Two years ago, the Lumina Foundation for Education (Lumina) called for the United States to increase higher education attainment rates to 60 percent by the year 2025. The Indianapolis-based, private, independent foundation, nicknamed this initiative “Lumina’s Big Goal” and reports on the country’s progress in its annual report entitled A Stronger Nation through Higher Education.

This year’s report finds that 37.9 percent of Americans aged twenty-five to sixty-four held a two- or four-year college degree. This represents a minimal increase from 2007 when the number was 37.7 percent. If the current rate of increase persists then by 2025 the United States will only have reached a higher education attainment level of less than 47 percent.

“Reaching the ‘Big Goal’ is a national economic and social imperative,” said Jamie Merisotis, Lumina’s president and chief executive officer. “The opportunity to change the rules of the game and create a higher education system capable of producing much higher levels of attainment is before us. We can get there, but we clearly have work to do.”

To stay on track towards Lumina’s “Big Goal,” the United States needs to increase the number of college degrees awarded each year by 278,000 every year. However, given the current rate of degree production, the number of graduates can only be expected to increase by 112,000 per year; this means that an additional 166,000 college degrees are needed each year to hit the 60 percent attainment rate.

A Stronger Nation also provides progress information on a state-by-state basis, including the current level of higher education attainment, the rate of improvement in attainment over the past eight years, and the level of increase needed to reach the target. Each state profile also includes information at county levels.

“When we first set this Big Goal, we knew it would be ambitious, but now it is clear that not only is it necessary—it is also realistic and attainable,” said Merisotis. “Different states have different challenges, but all states have a clear pathway to increase attainment rates.”

In 2008, the most recent year for which data is available, Massachusetts had the highest percentage of adults with college degrees (49.6 percent), followed by Connecticut (46.6 percent), New Hampshire (46 percent), and Colorado (45.3 percent). On the other end of the spectrum, West Virginia had the lowest college attainment level (25.6 percent) just behind Arkansas (26.5 percent), Louisiana (27 percent), and Kentucky (29.2 percent). In order to reach the Big Goal, Nevada needs to achieve an annual percentage increase of 10.1 percent in college degrees while North Dakota only needs a 3.1 percent annual increase to reach the goal line by 2025. Nationwide, a 6.3 percent annual increase is necessary.

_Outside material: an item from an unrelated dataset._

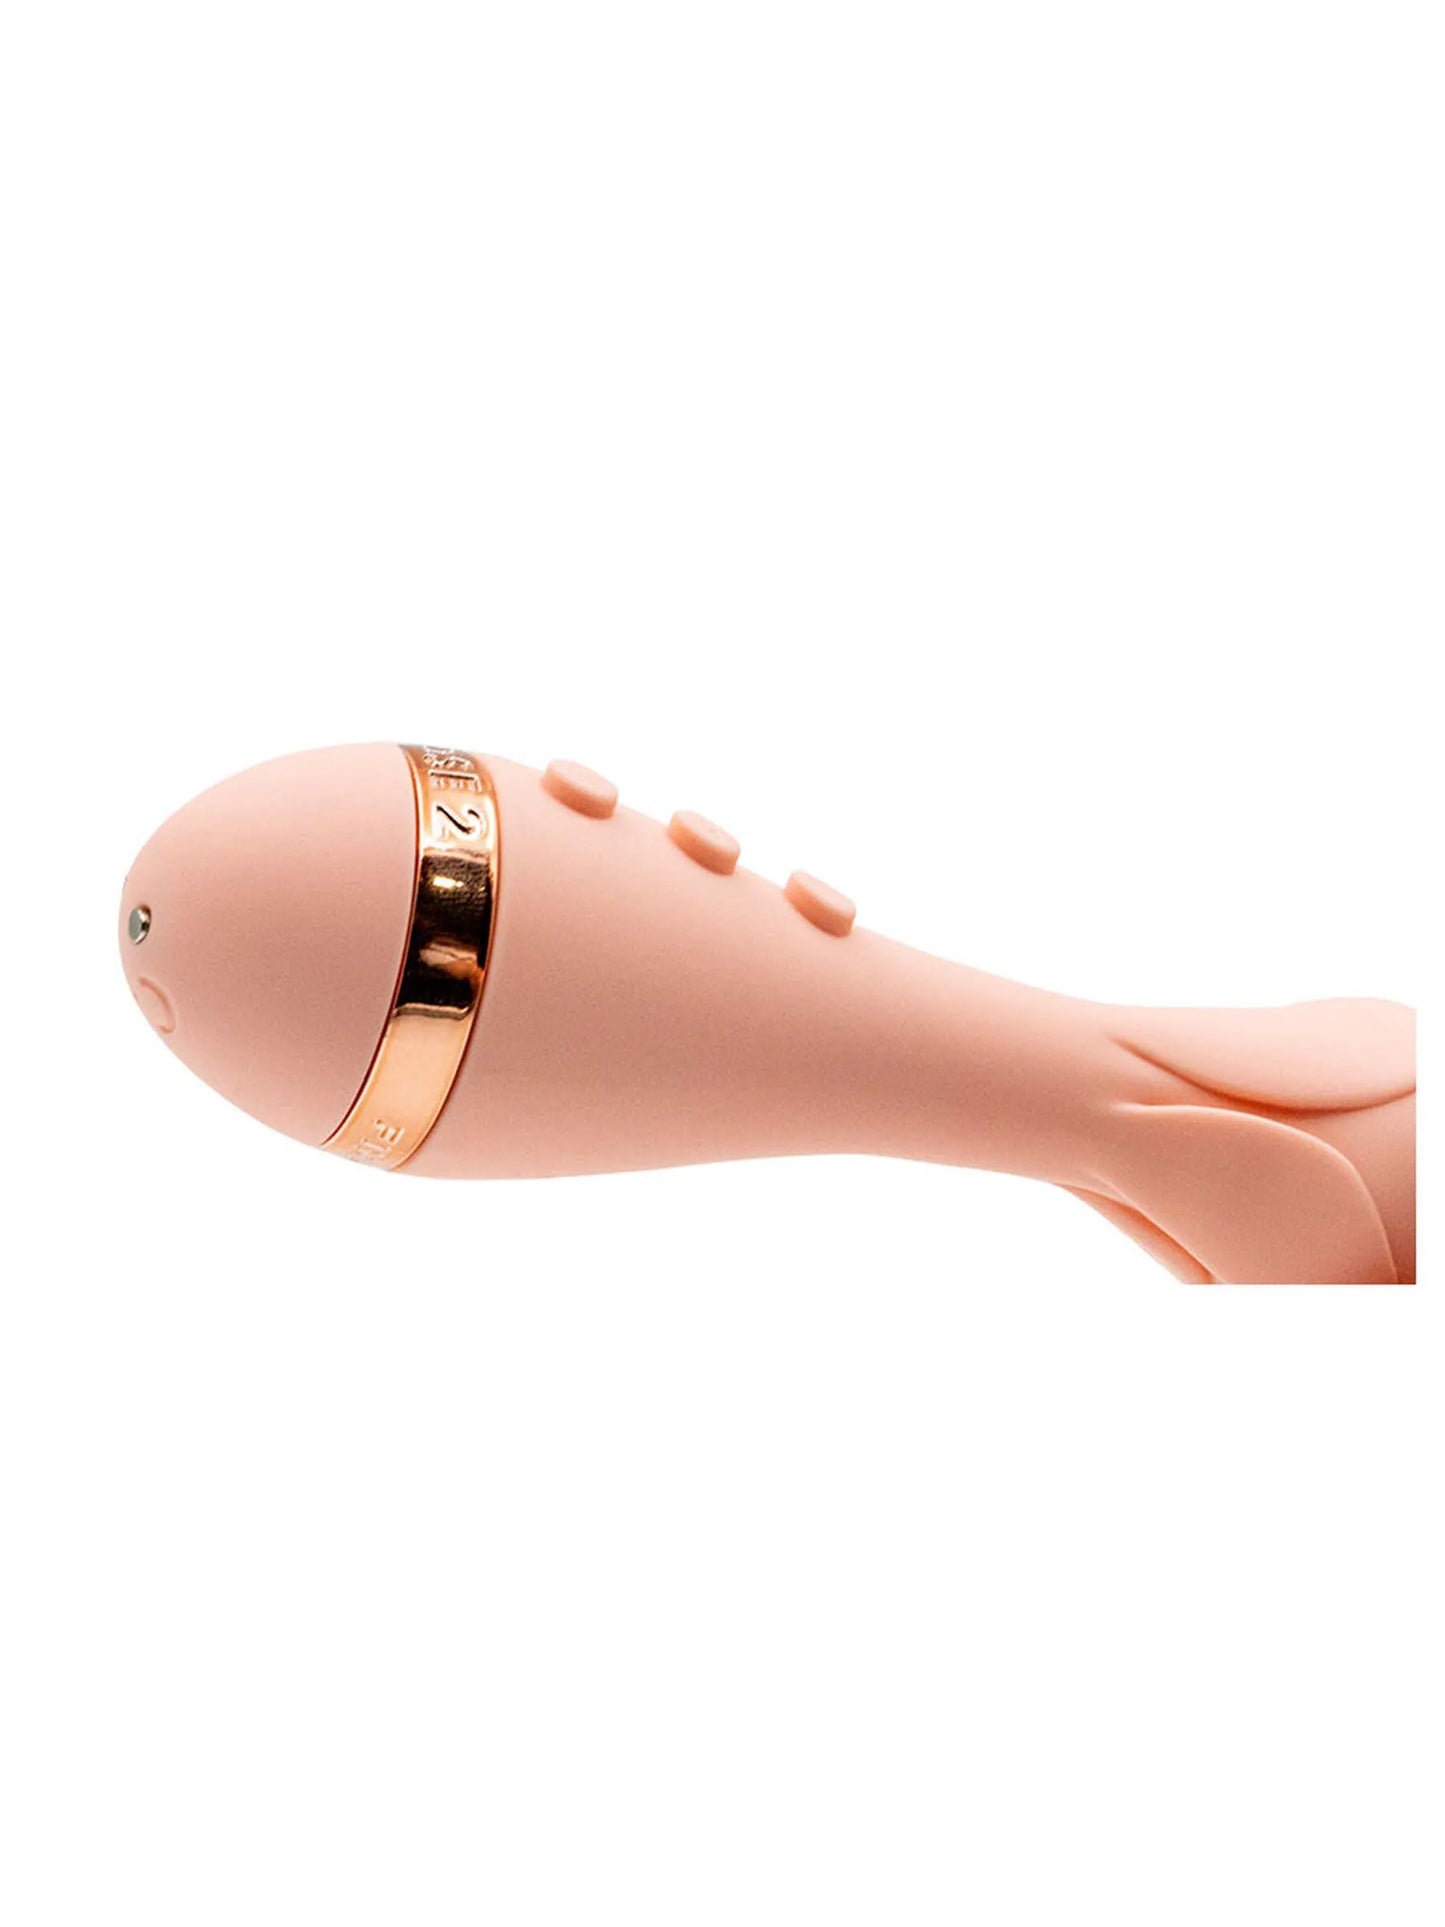 Vush Rose Clitoral Vibrator From Ann Summers, Image 08

The report stresses that simply increasing college completion rates is not enough—efforts must also be made to close gaps in college participation and attainment for a range of underrepresented populations, including students of color, low-income and first-generation students, and adults. According to the report, only 18.6 percent of Hispanics, 22.5 percent of American Indians, and 26.2 percent of African Americans possess higher education degrees, compared to 59.2 percent of Asians and 42.2 percent of whites. The report notes that it will be impossible to reach the Big Goal without closing these attainment gaps. To reach their goal, Lumina proposes a number of strategies for states including:

  • increasing the rate at which students complete college degrees;
  • providing ways for adults in the workforce to return to college to complete degrees; and
  • focusing on the growing needs of low-income, first-generation, and minority students.

The report explains that colleges and universities must focus on both participation and completion for all students to increase attainment levels. It calls on higher education systems to better define the learning outcomes that students must obtain at each level of education and then ensure that academic programs give students the opportunity to achieve those outcomes.